Per-token-group quant CUDA kernel
#21476 — 15× faster than the original Triton kernel (int8).
#21867 — using __nv_fp8_e4m3, 10% faster for FP8.
Works on all NVIDIA architectures, not only B200.
NVFP4 optimization
Bug fix for Compressed Tensor NVFP4: #21465
Add FlashInfer MoE support for Compressed Tensor NVFP4: #21639 — ~15% E2E throughput.
Other perf wins
Non-contiguous support for FP8 quantization: #21961 — ~1% E2E throughput.
Optimize reshape_and_cache_flash CUDA kernel: #22036 — 20–40% faster.

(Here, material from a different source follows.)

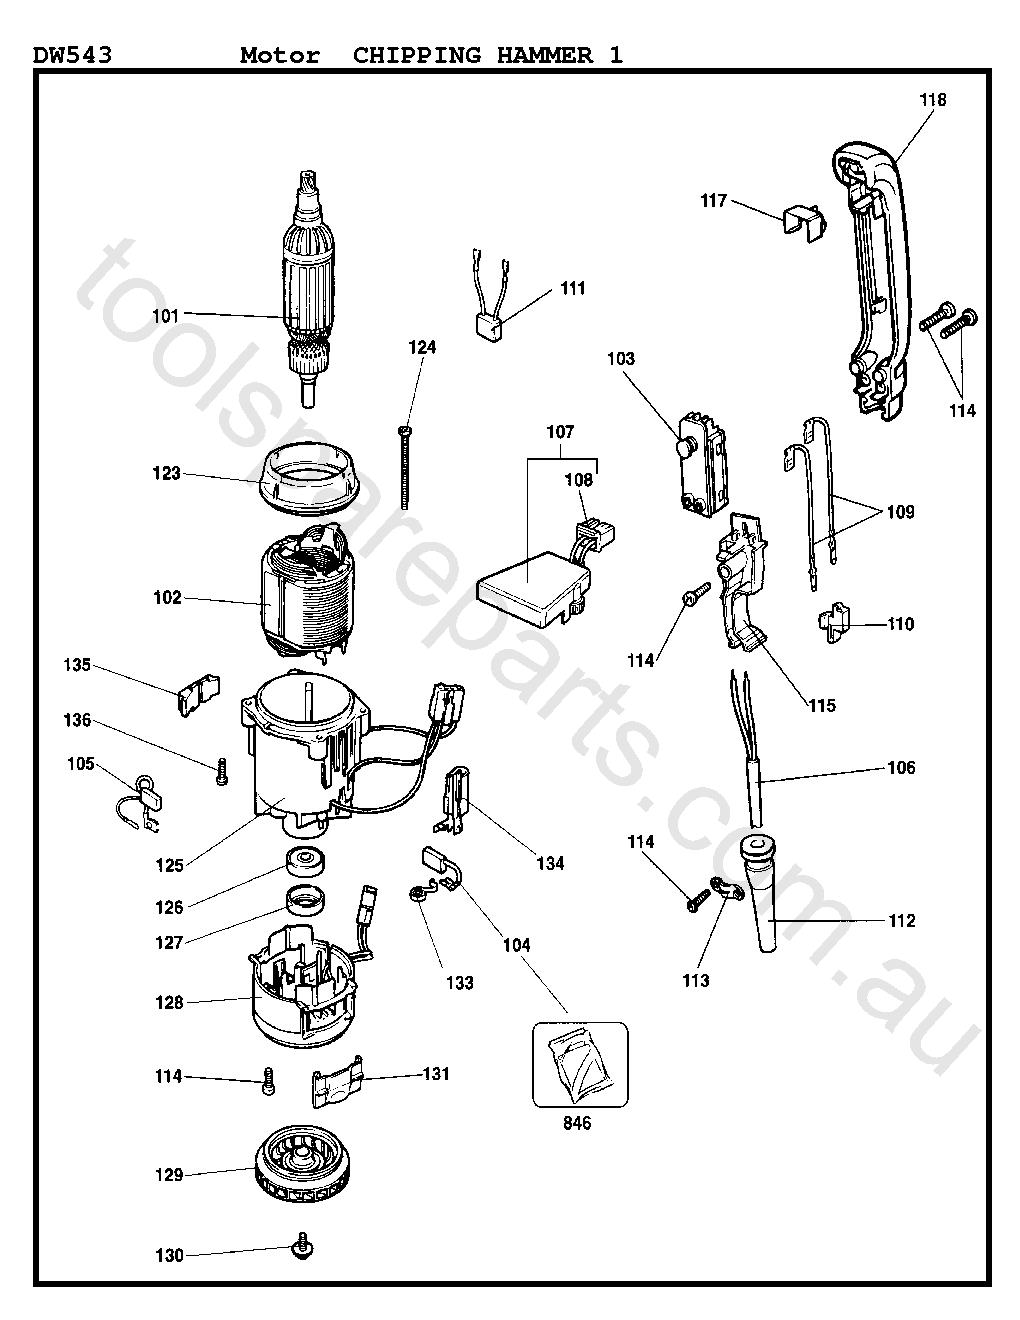 DeWalt DW543 - Type 1  Diagram 3

B200 New DeepGemm Integration:

✅ Done for this large scope! Special thanks to the help from Kaichao You and Chenggang Zhao
Unit test used to debug: #21559 and log update: #22208

DBO Support:

WIP: Collaborated with Sage and Lucas — exciting new scope.

Other Contributions:

Several code-refactoring PRs merged:
#21631, #21775, #21787
Reviewed 10+ PRs.

July 9 – July 23

B200 Performance Optimization:

Per-token-group quant CUDA kernel for FP8:
#21083 — ~6% E2E improvement; works on all NVIDIA architectures.
WIP at the time: per-token-group quant CUDA kernel for int8 (later landed as #21476).
NVFP4 optimization:
Bug fix for Compressed Tensor NVFP4 (ready to review then): #21465

B200 New DeepGemm Integration:

Merged support for breaking DeepGEMM update on B200: #20087
Upstream DeepGEMM PR: deepseek-ai/DeepGEMM #112
Follow-up optimizations (all merged):
DeepEP low-latency bugfix: #20833
~15% E2E perf improvement: #20841
Breaking change fix: #21187
CUDA init error fix due to DeepGemm: #21312

CI Bug Fixes:

Found and fixed quickly: #20782, #20845

Other Contributions:

Code-refactoring PRs merged: #20770, #20774, and others
Reviewed 10+ PRs.

June 23 – July 8

B200 Performance Optimization:

Quant vectorization utils optimization: #20331
+3% E2E for CUDA quant kernels; reusable for FP8 quant, reshape_and_cache_flash, etc.

B200 New DeepGemm Integration:

WIP then: support new breaking DeepGEMM for B200: #20087
~40% perf improvement for the GEMM kernel at specific batch sizes.
Special thanks to Michael Goin and Varun Sundar Rabindranath.

B200 DeepEP & PPLX Validation:

Bug fix: #20094 — validation done.

Severe CI Bug — Fixed:

Issue raised (blocker in main for ~1 month): #20138
Fix in two days: #20204

Other Contributions:

Refactoring PRs merged: #20187, #20269, #20334, plus more
Reviewed 10+ PRs.

June 9 – June 20

B200 Performance Optimization:

align_moe_block_size kernel optimization: #19572 — ~6% E2E throughput.
Benchmark script refactor for GEMM: #19627 — made future quant benchmarking easier.

B200 DeepGemm Integration:

Initial integration: #19820 — ~40% GEMM perf improvement.
Thanks to Robert Shaw!

B200 DeepEP Integration:

Env setup & initial exploration.

Other Contributions:

Helped review several PRs.

June 2 – June 7

B200 Performance Optimization:

Int8 quant kernel optimization: #19233 — ~10% E2E throughput on B200.
Thanks to Michael Goin’s guidance!
My first vLLM PR!

Other Contributions:

Raised issues and reviewed several PRs.